Their attorney, Ira Kurzban, with the Miami firm of Kurzban Kurzban Weinger Tetzeli and Pratt, says he corrected the errors made in the USCIS memos.
Kurzban told the defendants that the immigrants already had a tenant leasing the property - Container Connection of Southern California - with its management and logistics operations housed in the renovated warehouse. Kurzban also detailed how the immigrants spent their investments, according to the complaint.
The government responded by revoking the immigrants' petitions, faulting them for "spending only $7.75 million thus far and not the $11.5 million in accumulated capital. Defendants revoked and denied the petitions because there is no "assurance that the entire amount of the petitioners' and [Innovation LP's] capital will in fact be used to carry out the business of the commercial enterprise and placed at risk for the purpose of generating a return," the immigrants say, citing the USCIS's response.
They claim the government also faulted them for raising only $11.5 million instead of $12 million, for having only one tenant rather than the number they forecast, and their decision to expand by purchasing an adjoining property.
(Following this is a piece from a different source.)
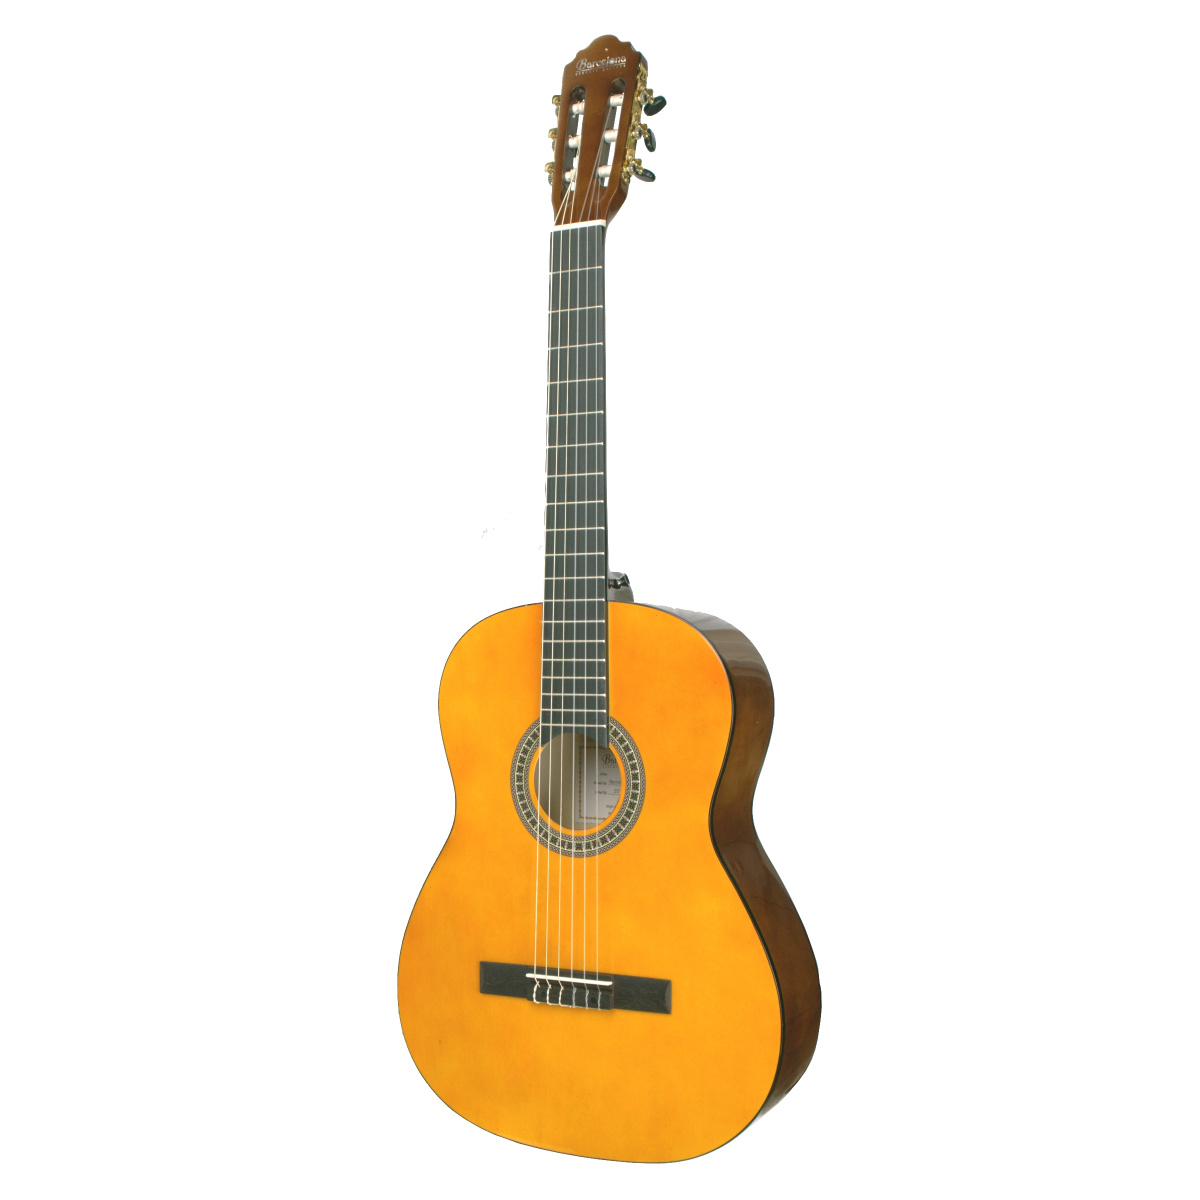 BARCELONA CG6 4/4 - классическая гитара, размер 4/4, анкер купить в prostore.me

"None of these changes, however, are material, nor are they 'discrepancies.' They are all completely consistent with the regulations that do not contemplate that a project will be completed at the [petition] stage," the complaint states.
The government claimed that analyses the immigrants relied on for their business plan were faulty. The group disagrees.
"The regional center was approved for investments in commercial/industrial development; mixed-use development; light industry/warehouse; office space; and retail development among others. The defendants confuse the purpose of the regional center with the creation of jobs by the tenants. The 'reasonable methodologies' look to indirect job creation through the tenants' employment irrespective of whether that economic activity is the same as the regional center's approved economic investment clusters. It is unlikely that they would be the same in any case. Although defendants disavow the use of the tenant-methodology here, the result is the same.
Defendants simply disregard accepted reasonable methodologies because they no longer believe they can count jobs created by tenants in a real estate renovation project," the immigrants say in their complaint.
The immigrants seek declaratory and injunctive relief for improper retroactive application, arbitrary and capricious action in violation of immigration laws and the Administrative Procedure Act, exceeding statutory authority and due process.
They specifically seek immigration documents for themselves and their children so they can remain in the United States for the duration of the proceedings.